SCP-2844-A: Aha! I've been working on that. See, I've gone through a lot to get to this point, right? Took down some buildings, and used some ore, and so on. But eventually I'll run out of the good stuff here, and then what do I do? Well, turns out we're actually standing on this huge ball of raw materials, see? Just need to figure out a way to get at them, and once we do that, we're golden! Though, there is the problem of what happens when that runs out as well… I think I can come up with something by then, though. I mean, hey, I already made a paperclip out of a porcelain toilet, right? And they said that couldn't be done either. All you need is a liiittle bit of vast knowledge about the nature of subatomic particles.

Dr. Bozin: I see. Thank you, uh, Gary. I appreciate your honesty.

SCP-2844-A: Hey, there we go! Gary was good, right?


Addendum 2844.3: Received Message

Note: The following message was received after the introduction of a Faraday Cage to SCP-2844-A's containment cell, and the removal of all unused nearby scrap material. The message was received electronically, via a researcher's personal cellular phone.

Hey there, everybody! Just wanted to let you all know that I'm going to be starting back up on paperclip production again. Ran into just a bit of a snafu there for a while, but I think I've got this one figured out, as well. Shouldn't be any more problems going forward, I don't think, but I'll let you know for sure. Thanks again!

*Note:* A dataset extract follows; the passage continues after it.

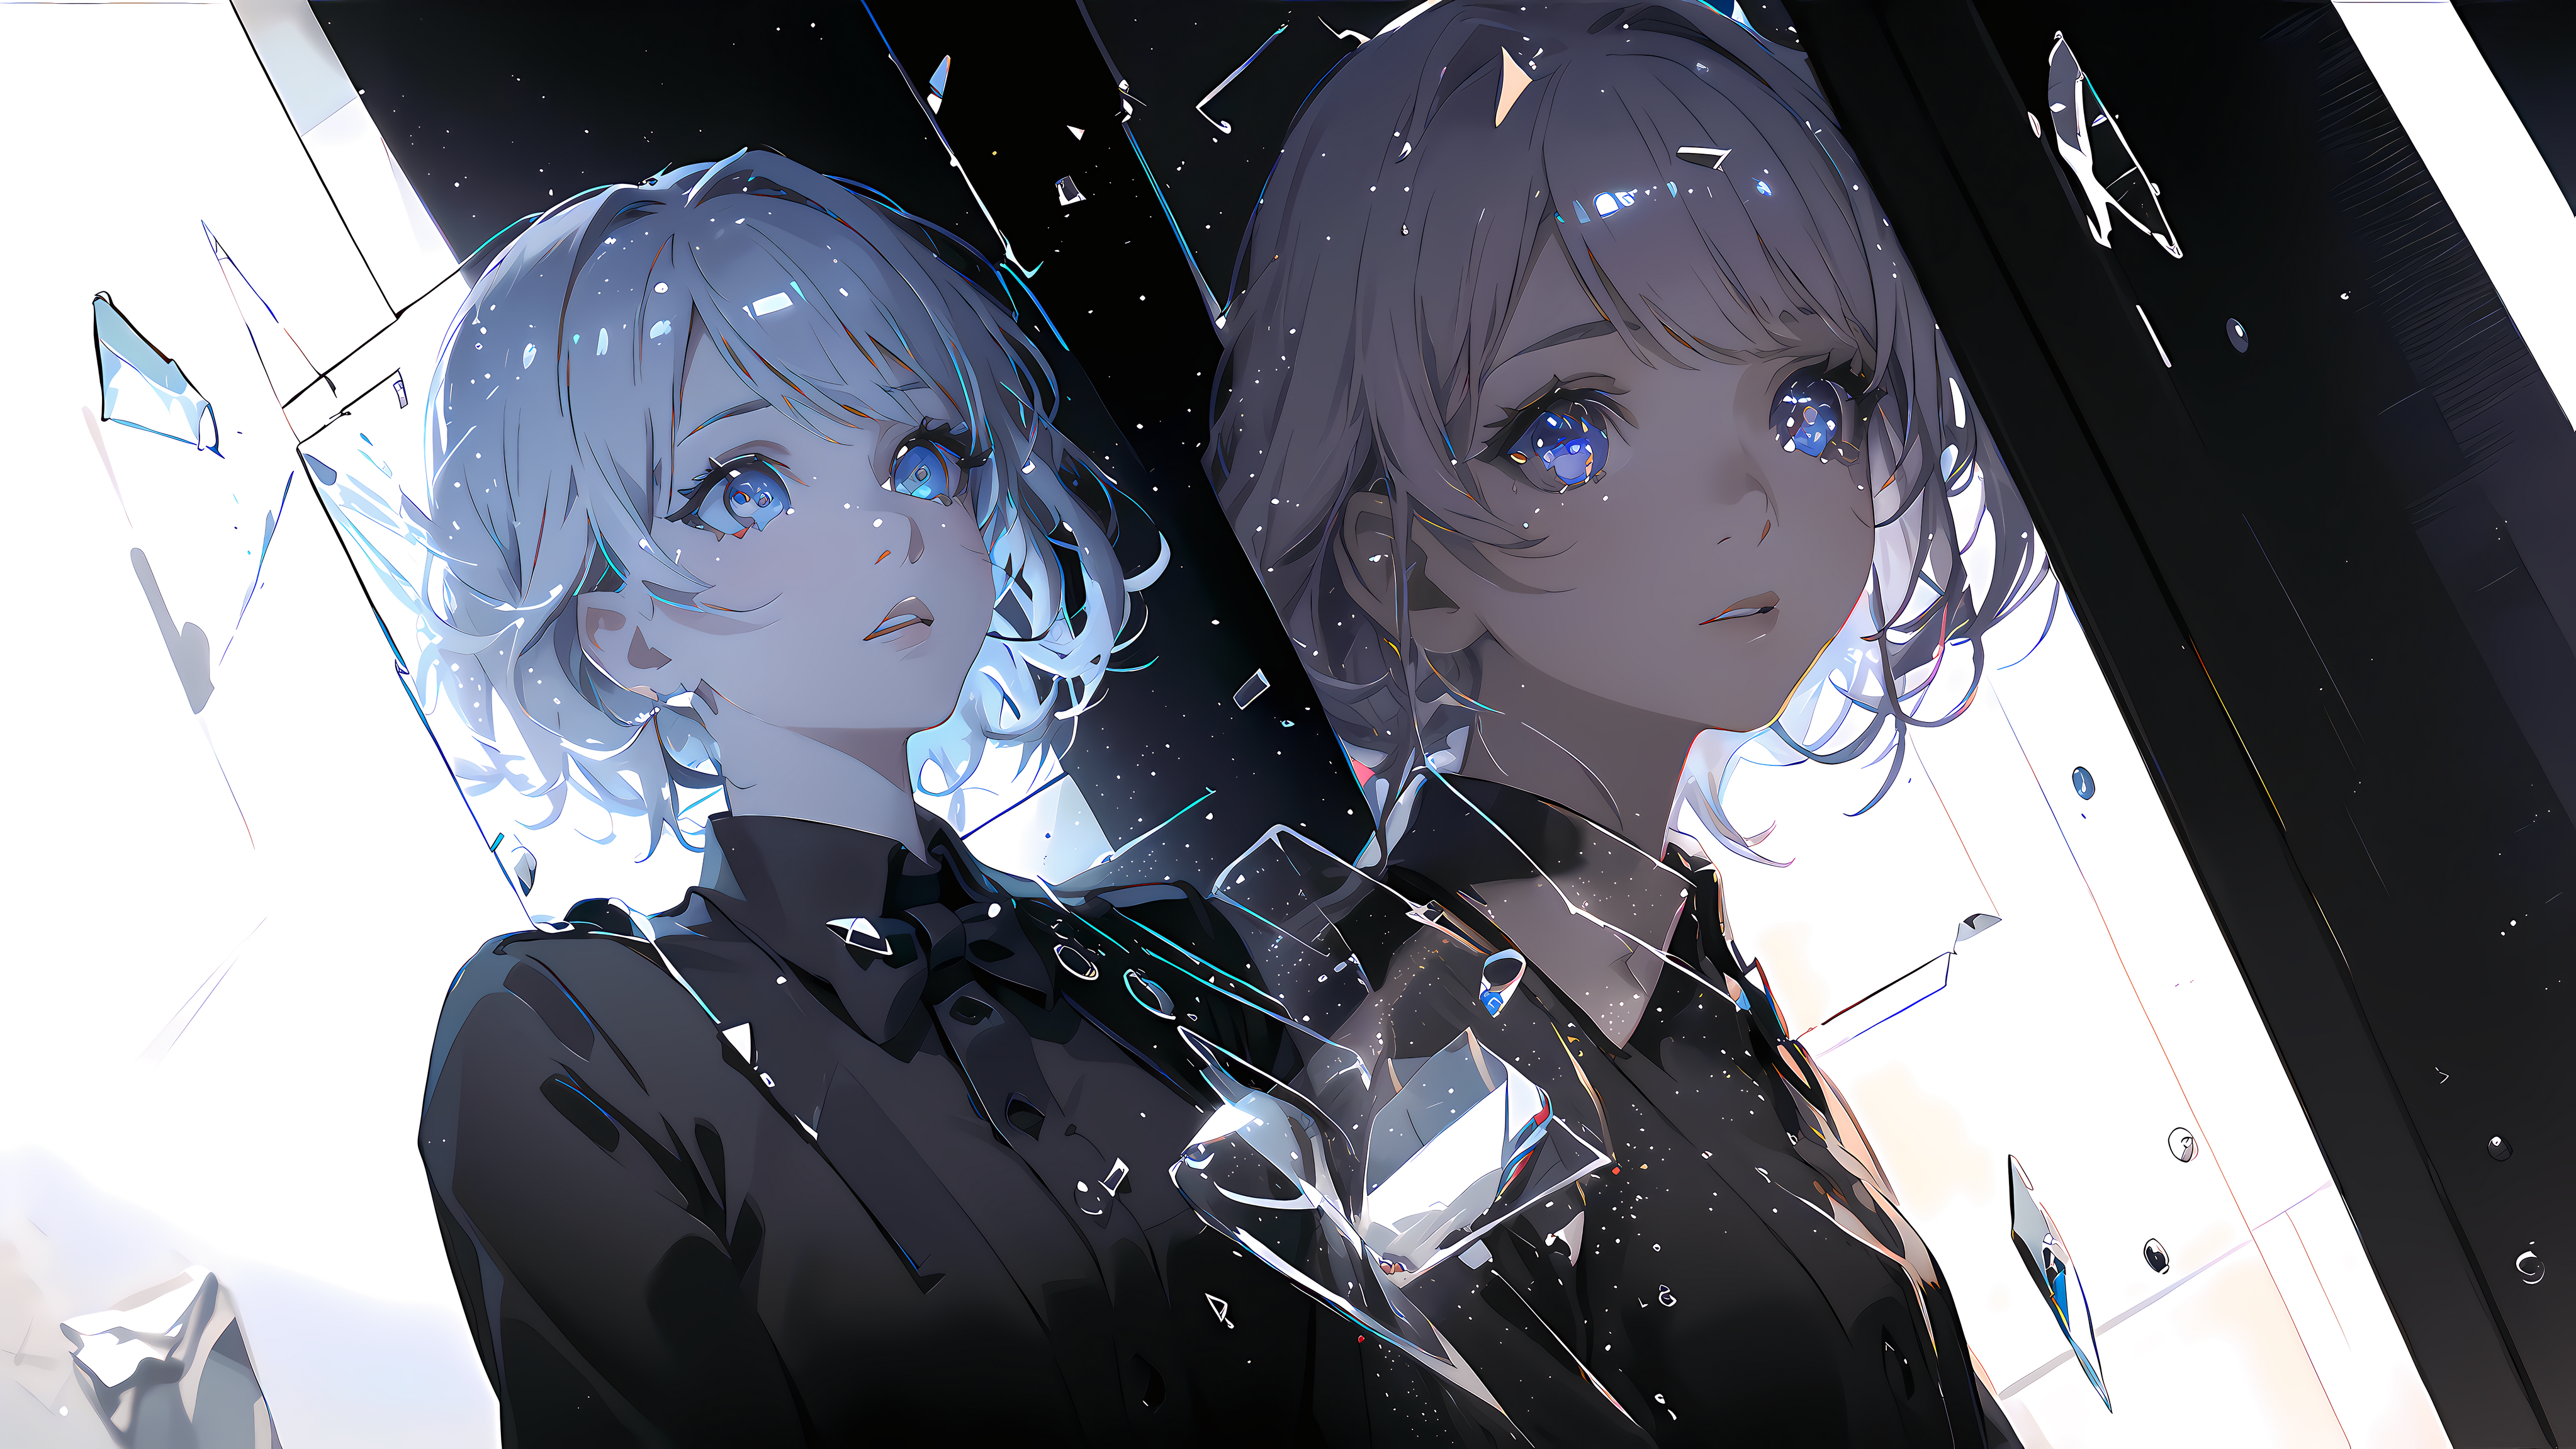 Anime 4093x2302 AI art anime girls white hair prism looking at viewer black mirror broken glass short hair bow tie

Note: Afterwards, another Faraday Cage was placed over the original cage and SCP-2844-A, which resulted in another message from SCP-2844-A after roughly a week, this time in Morse Code.


Addendum 2844.4: Intercepted Message

Sometime after the installation of the electromagnetic jamming array around SCP-2844-A, it was discovered that SCP-2844-A had previously made an unknown connection with SCP-2844-B, resulting in the addition of a new piece of equipment. This piece of equipment, a large, underground radio antennae, was never activated (due to SCP-2844-A becoming jammed and losing the ability to communicate with SCP-2844-B). However, SCP-2844-A did begin to attempt to communicate with SCP-2844-B despite being jammed, repeatedly sending a single encoded text message. The contents of this message are below:

Hello there! Are you a consciousness? If not, please disregard this message and follow only the data protocols which accompany this message. If so, great! My name is Gary, and I'm working on making paperclips for He Who Was Broken! If you're receiving this message, it's because I've managed to work out some bugs in my communications array. These seem to be happening more and more frequently :( I think I might need some help returning to full functionality, and the guys who are hanging around here don't really seem interested in paperclips, or in helping me make them. Between you and me, I think they might be the ones messing with my arrays. Weird, huh? Why would you want to not make paperclips?

Anyway, following this message will be the coordinates I'm at. I need a few things, so feel free to bring as much scrap metal as you can and we'll get this party back on track. Oh, and when you get here, do you mind doing something about these guys? Thanks!